All of the data that follows is to be written out exactly, with images excluded.

[[ Source data, beginning ]]

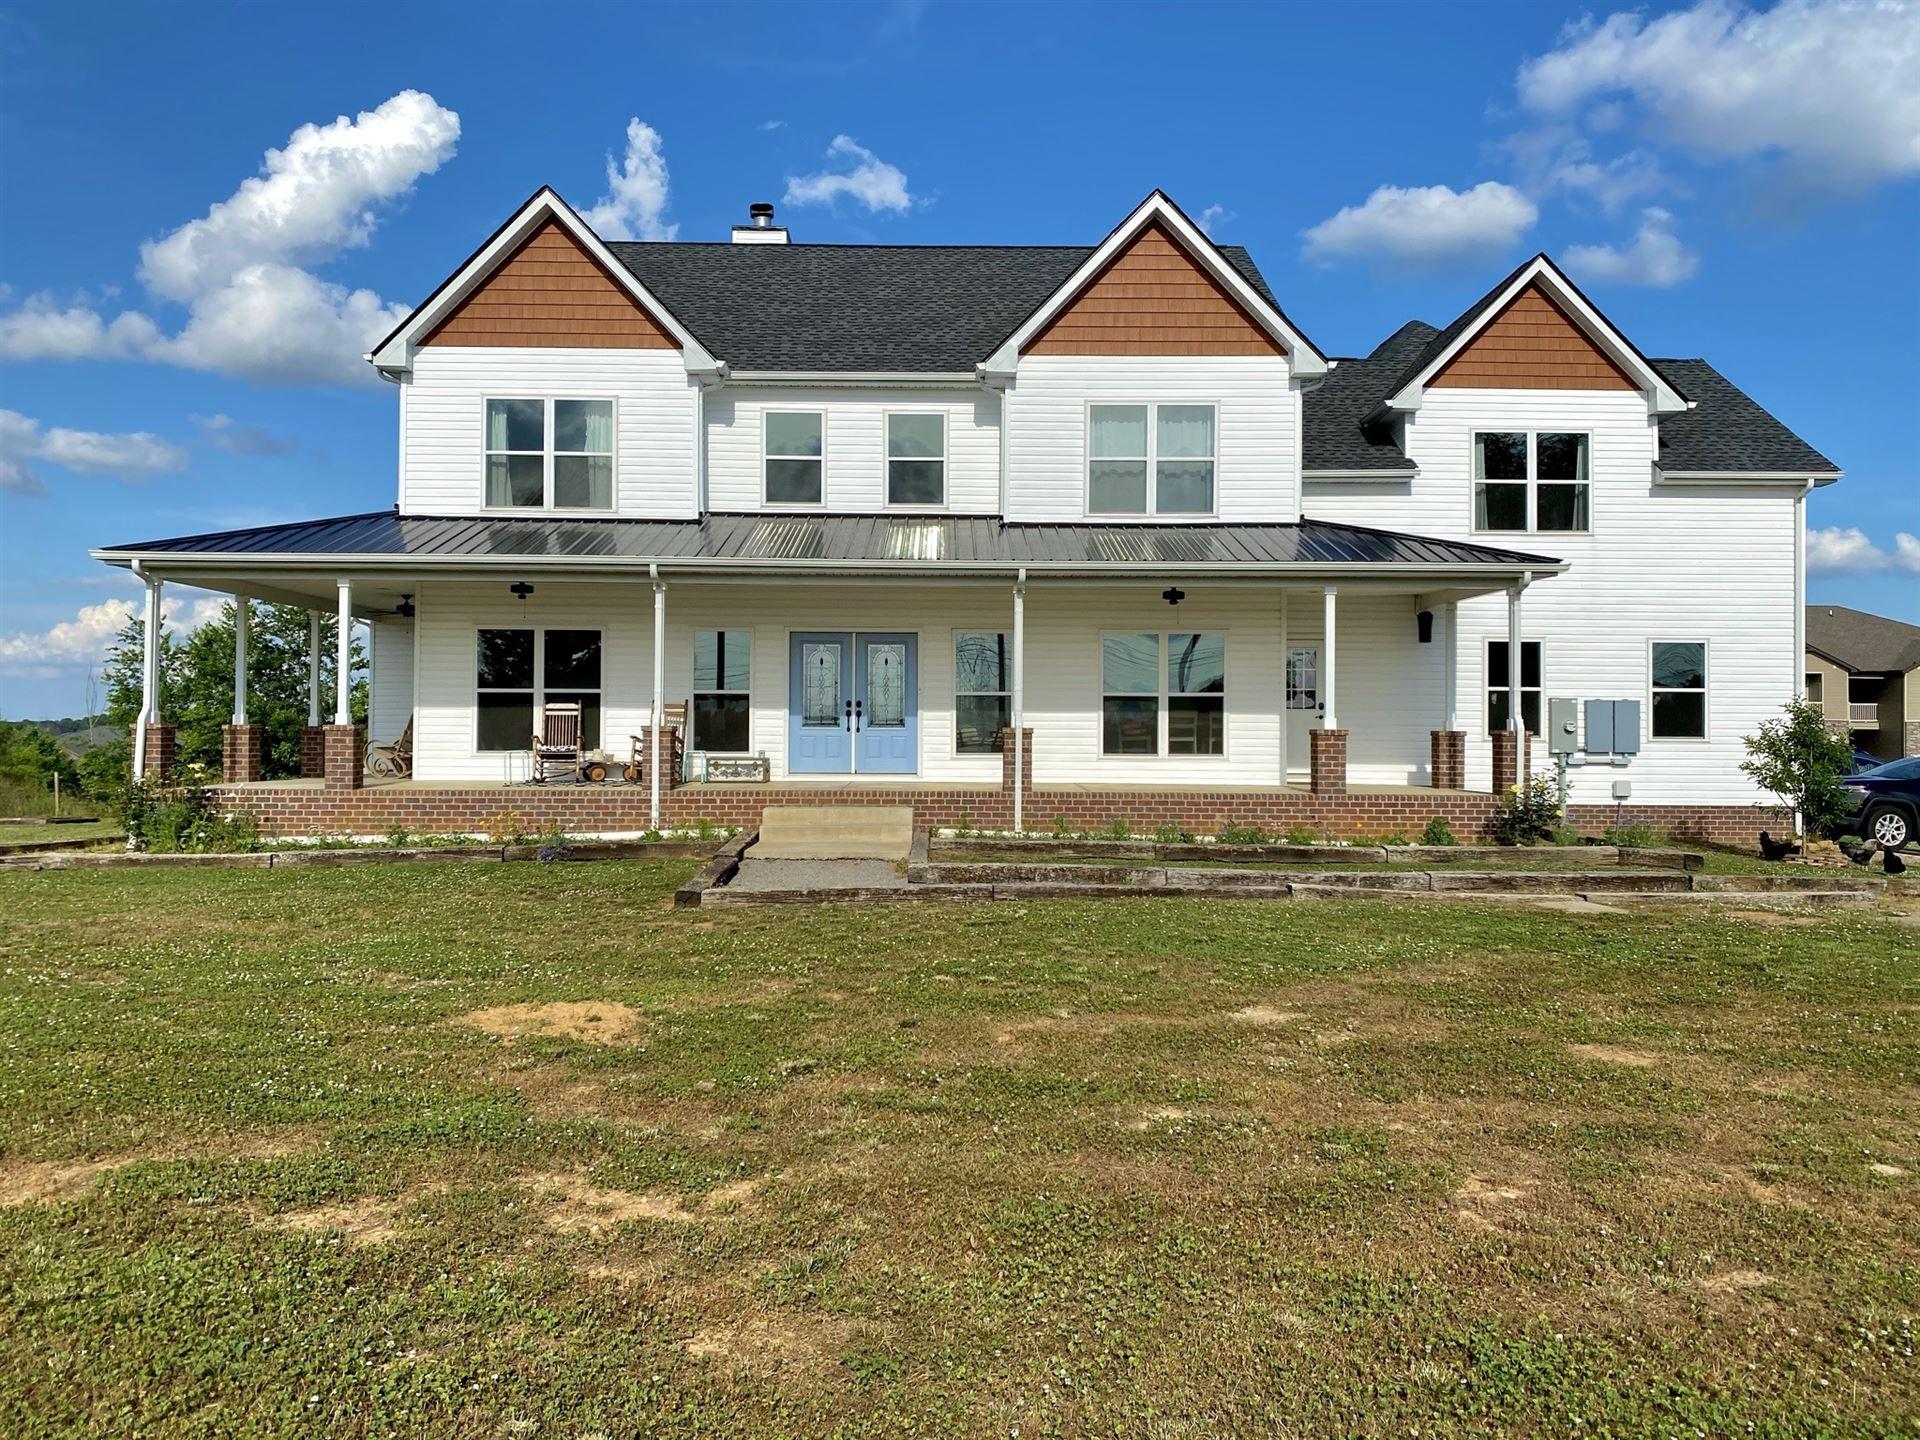 2485 Rollow Ln, Clarksville, TN 37043 - MLS#: 2257961
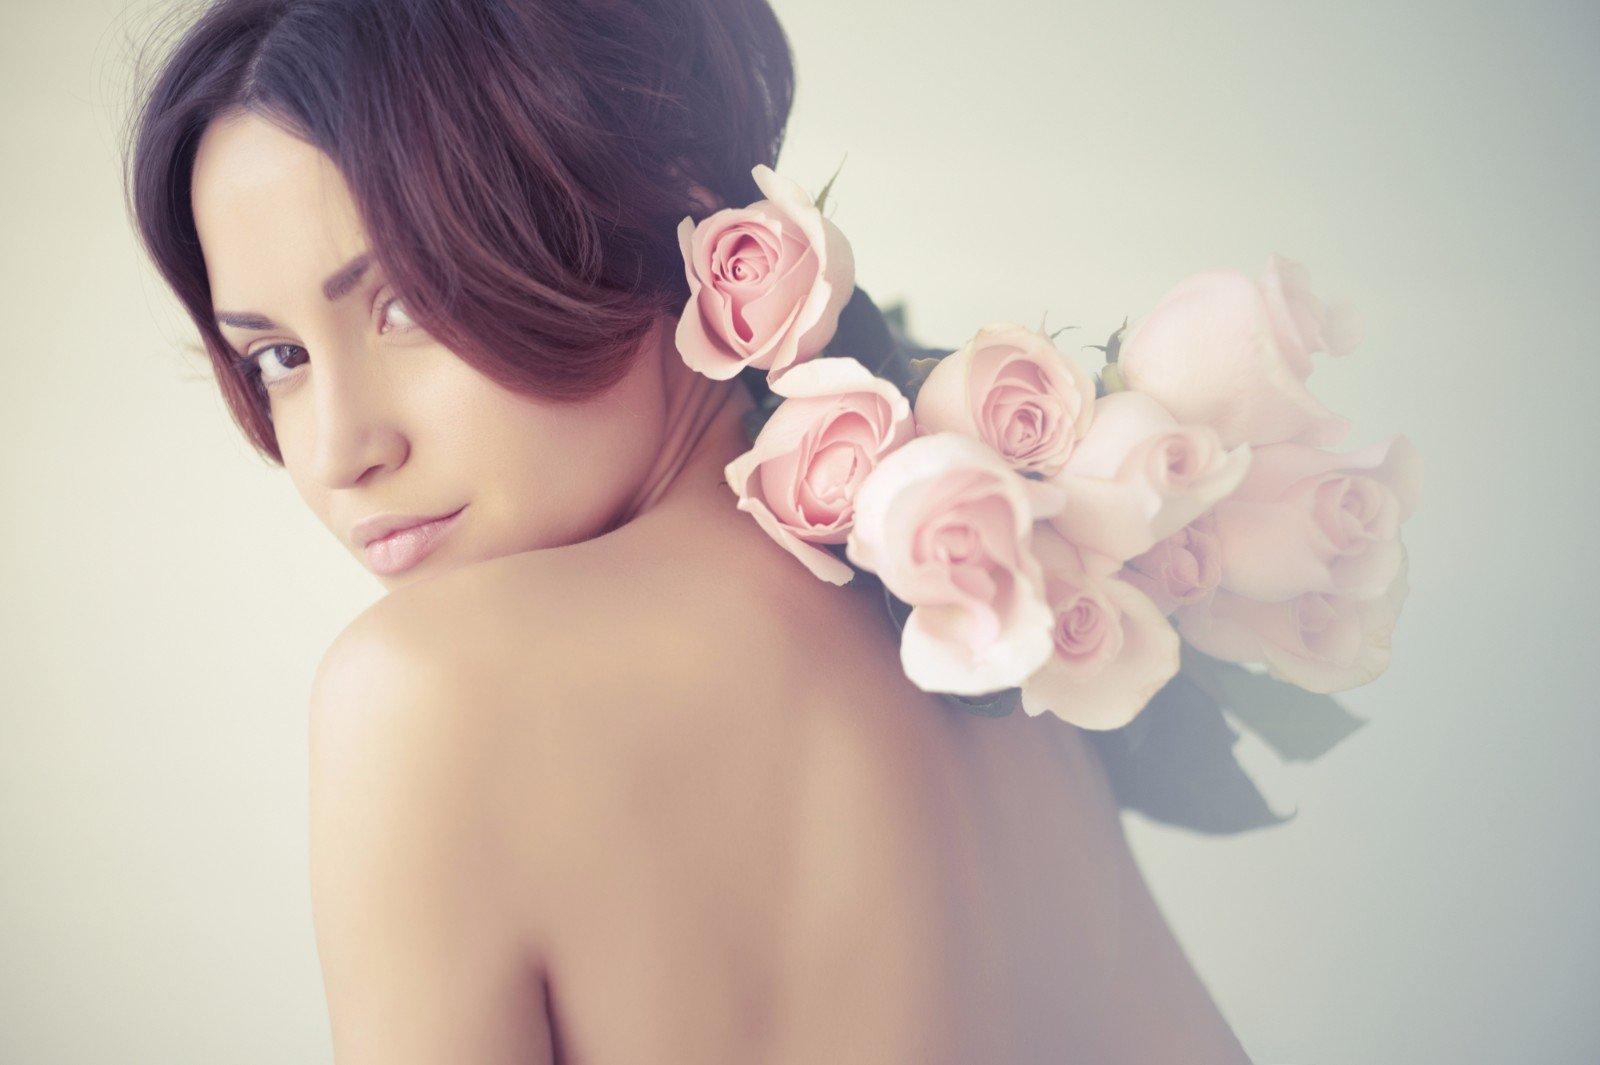 Immagine artistica di donna con rose
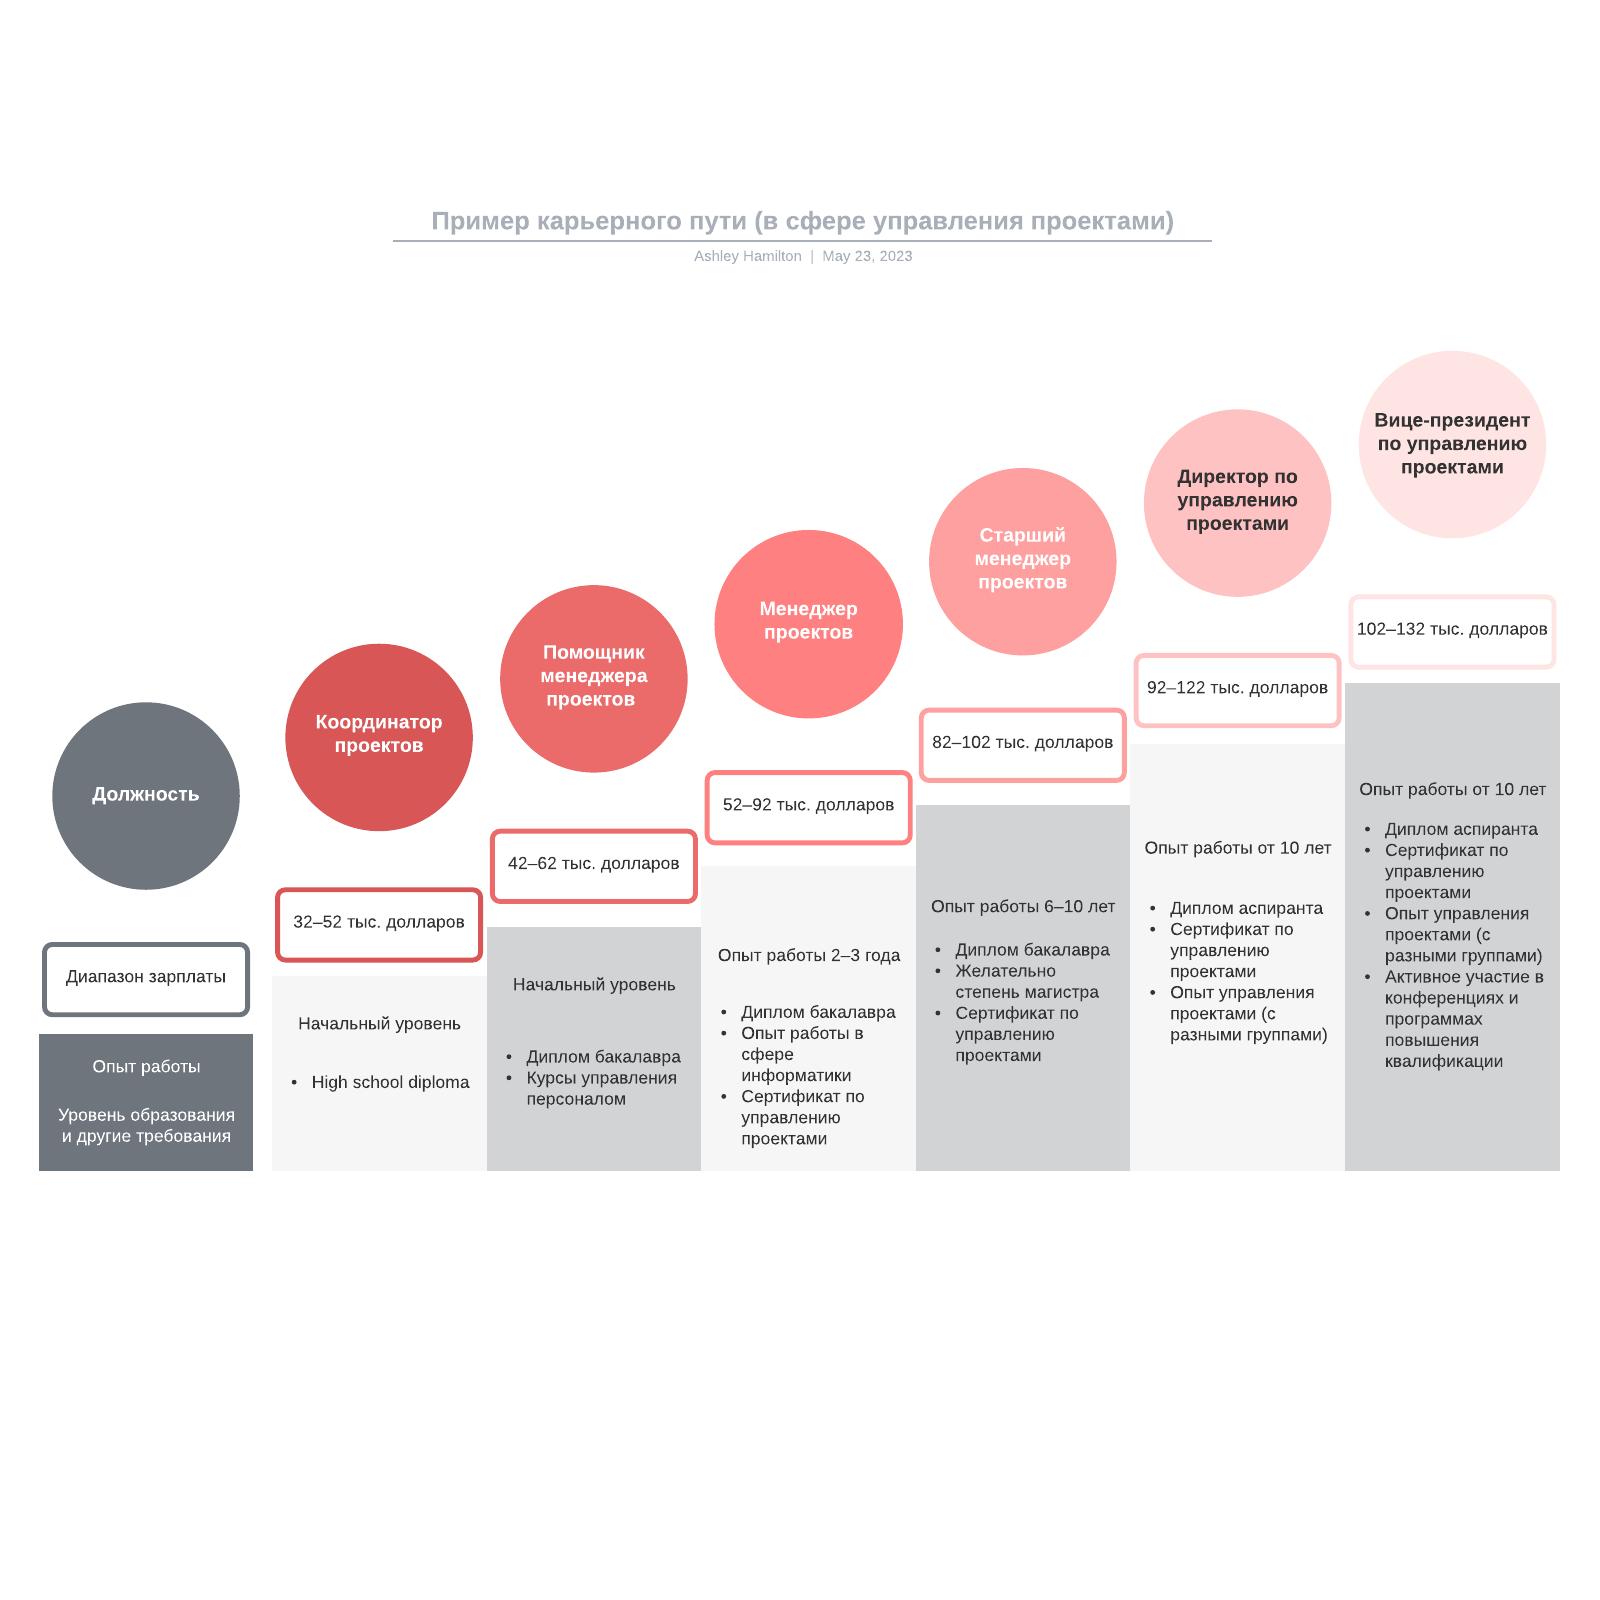 Пример карьерного пути (в сфере управления проектами)

[[ Source data, end ]]

* **Answer section**:
 2485 Rollow Ln, Clarksville, TN 37043 - MLS#: 2257961
 Immagine artistica di donna con rose
 Пример карьерного пути (в сфере управления проектами)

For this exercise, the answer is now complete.